Data extract
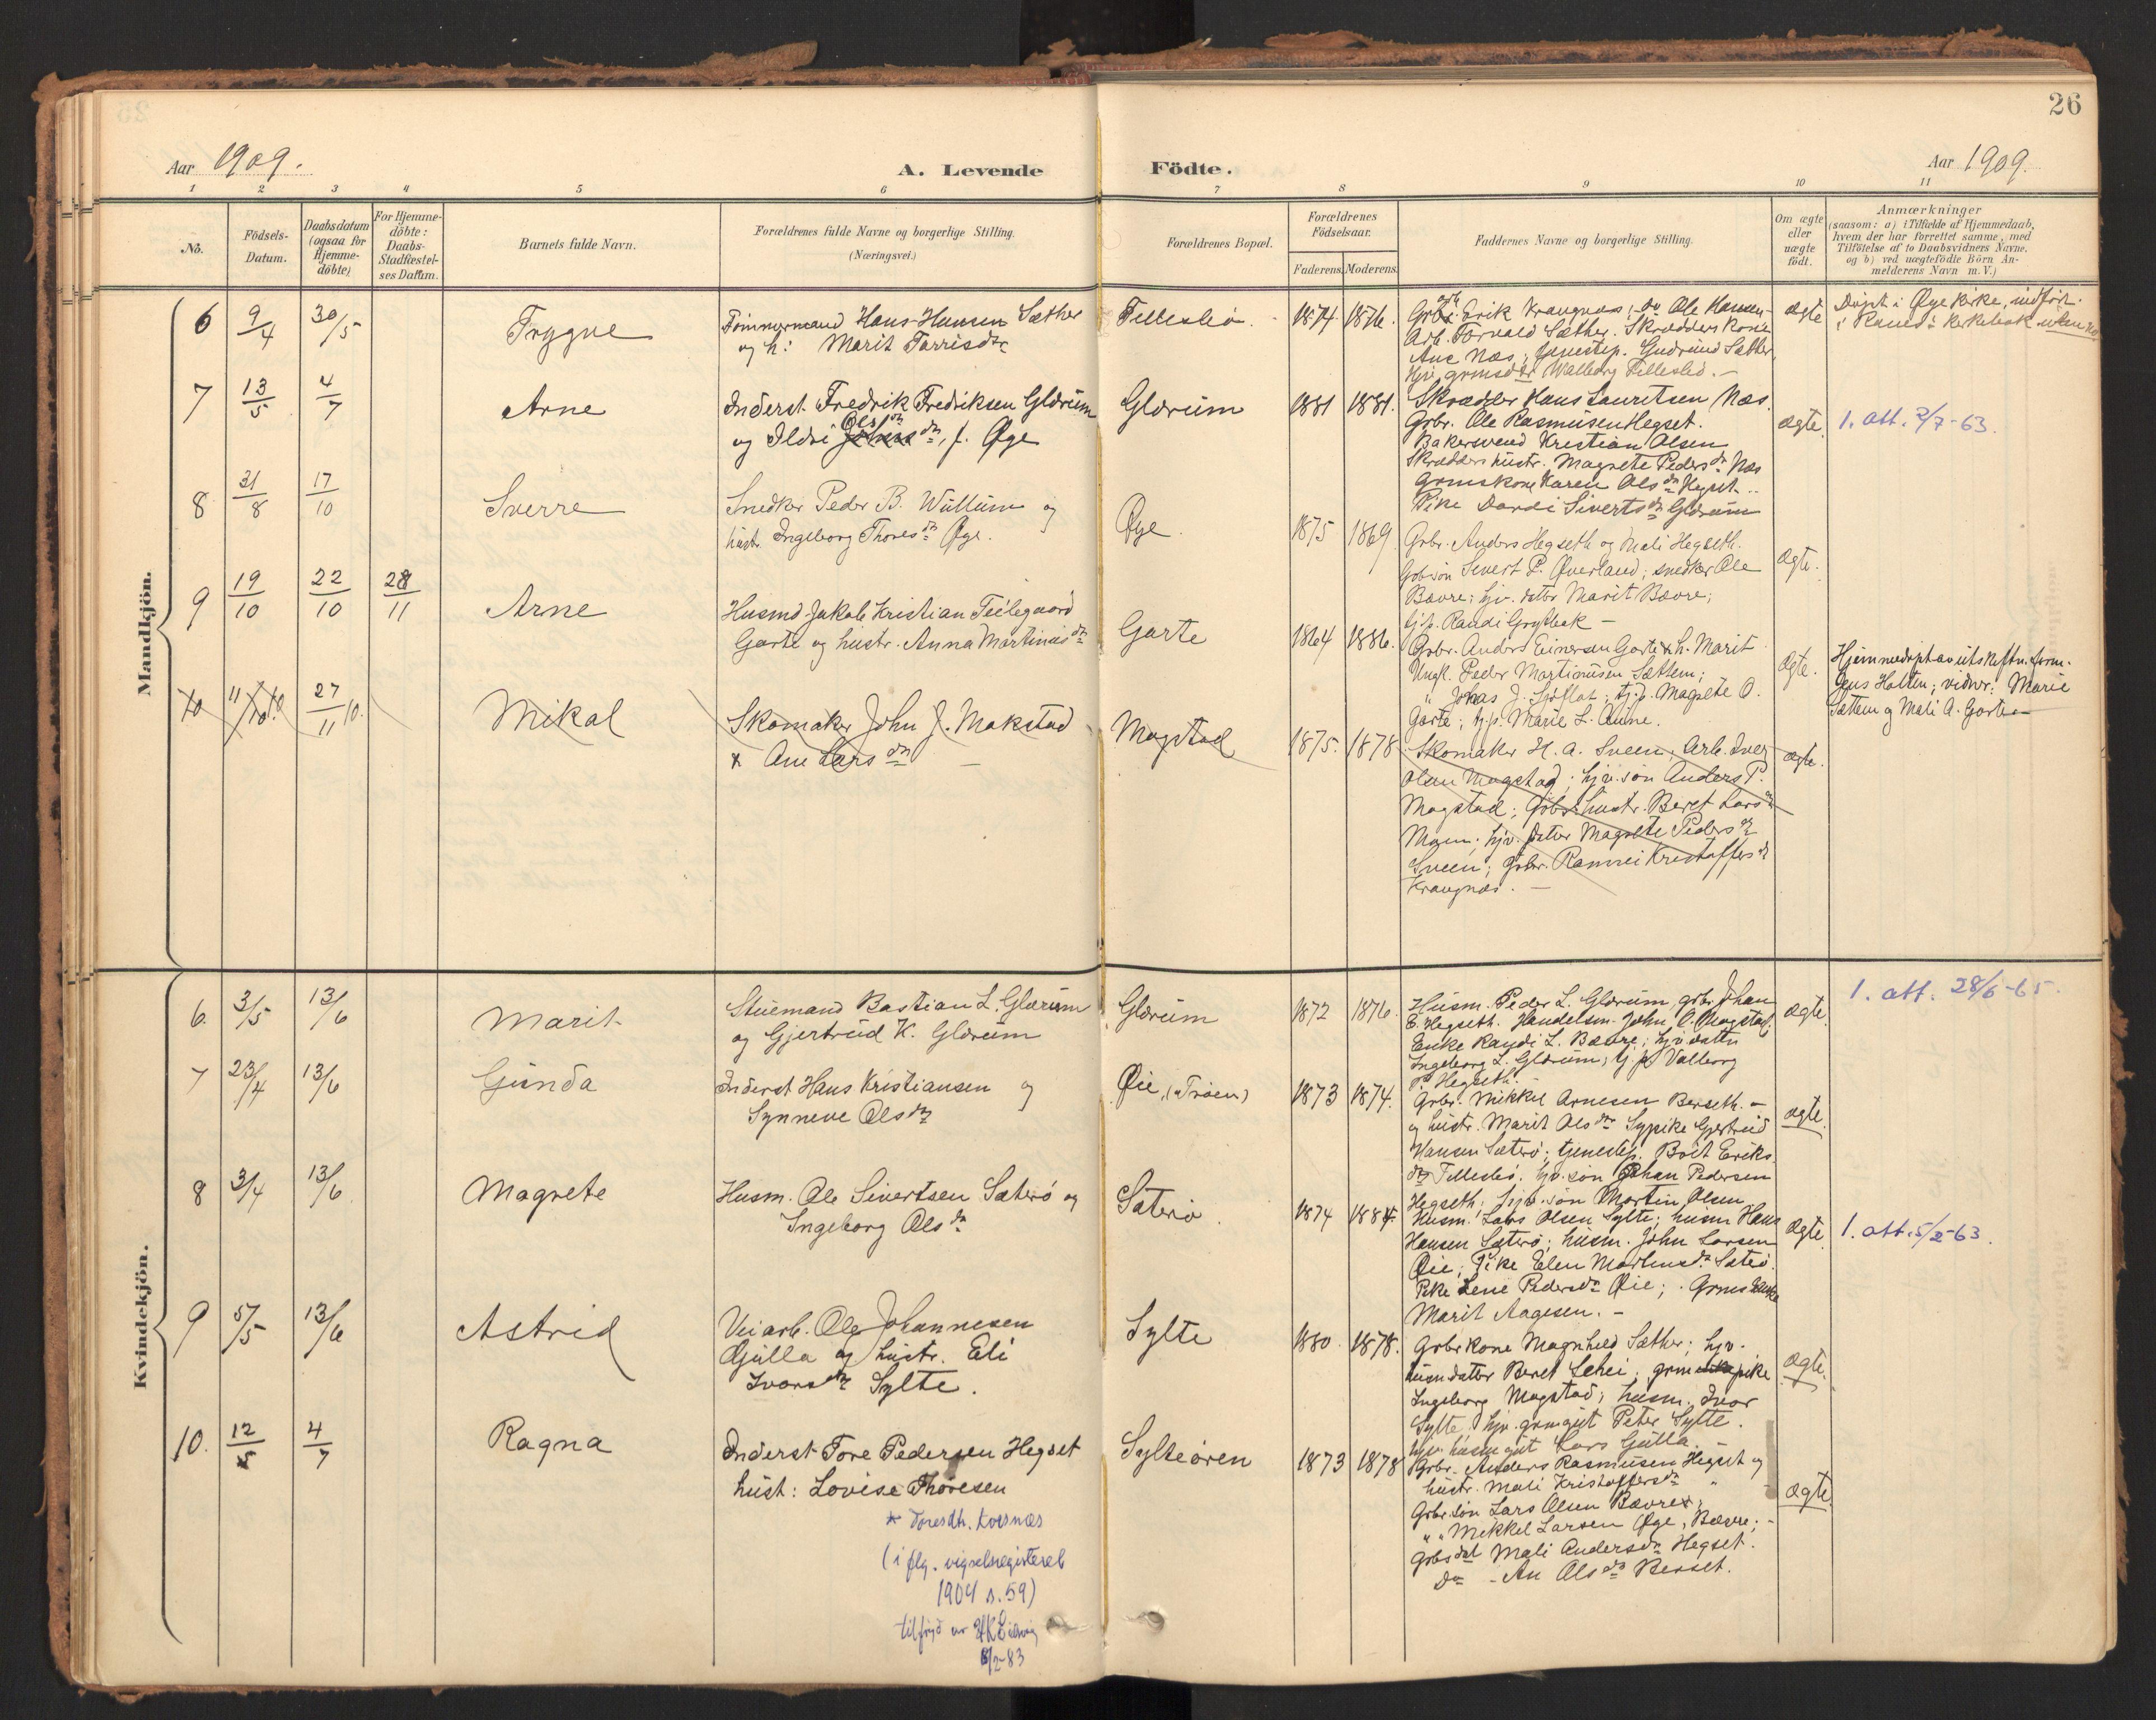 SAT, Ministerialprotokoller, klokkerbøker og fødselsregistre - Møre og Romsdal, 595/L1048: Ministerialbok nr. 595A10, 1900-1917, s. 26
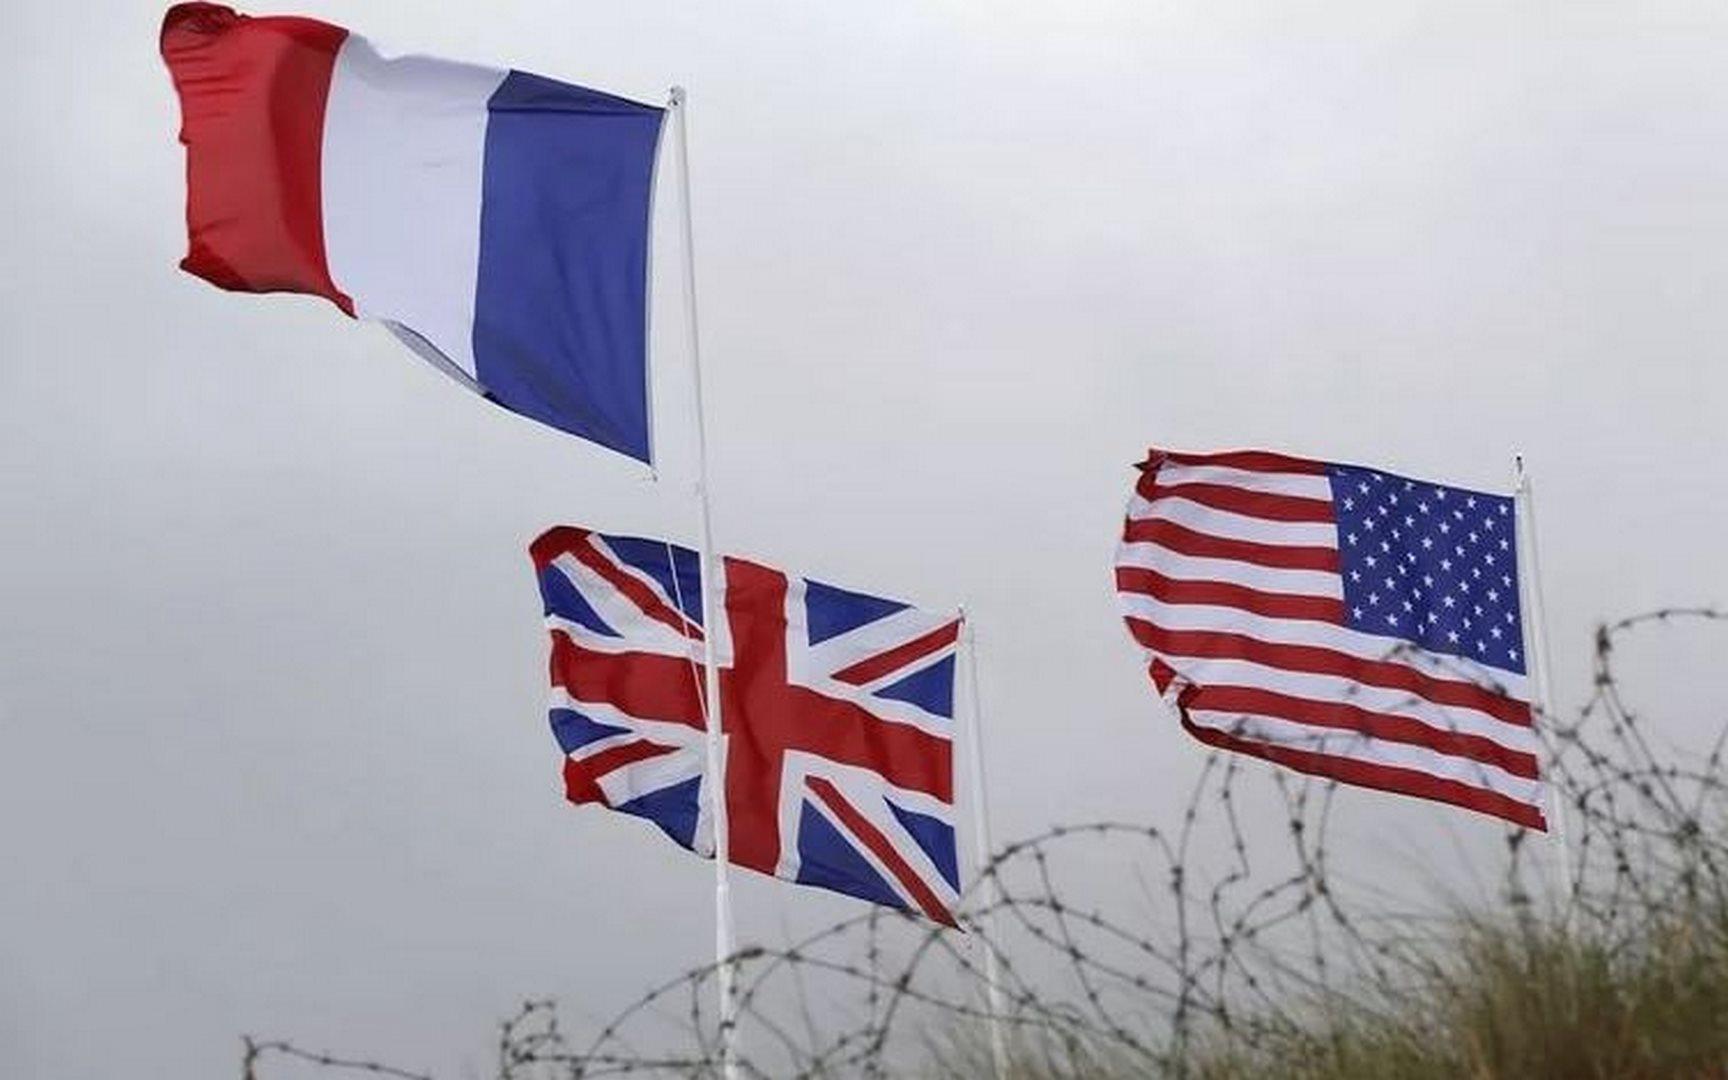 فرنسا وألمانيا تتفقان مع أميركا أكثر مما تدركان
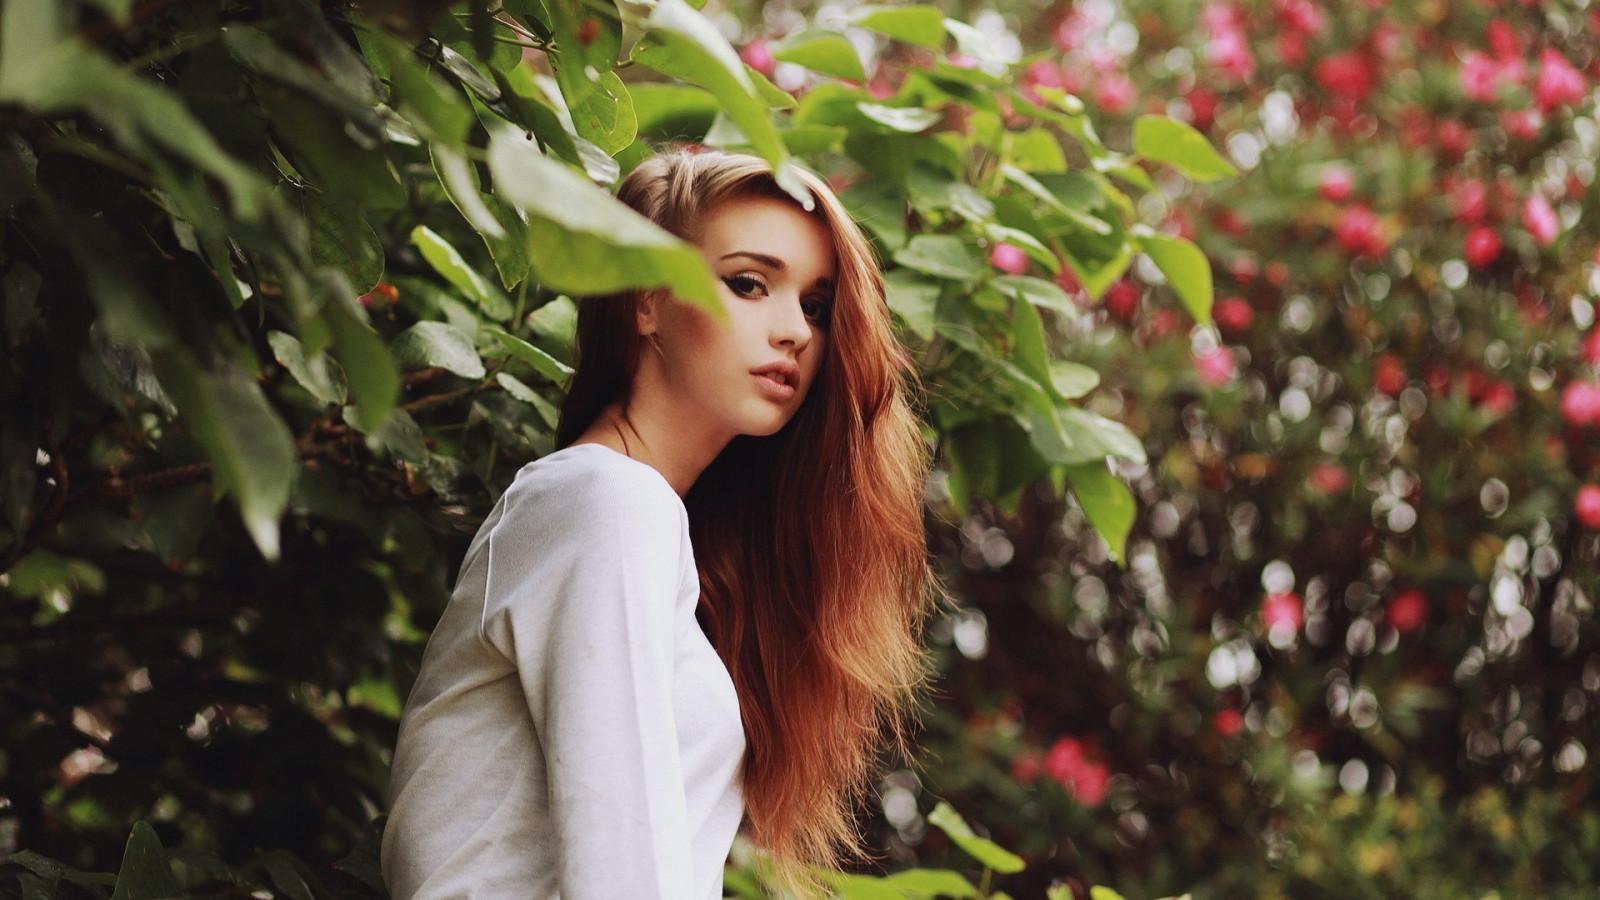 Hintergrundbilder : Gesicht, Frau, Modell-, Porträt, lange

Task directions
The answer should consist solely of the lines from the one containing "فرنسا وألمانيا تتفقان" through the last line of the material, copied exactly, with pictures left out.

Task output
 فرنسا وألمانيا تتفقان مع أميركا أكثر مما تدركان
 Hintergrundbilder : Gesicht, Frau, Modell-, Porträt, lange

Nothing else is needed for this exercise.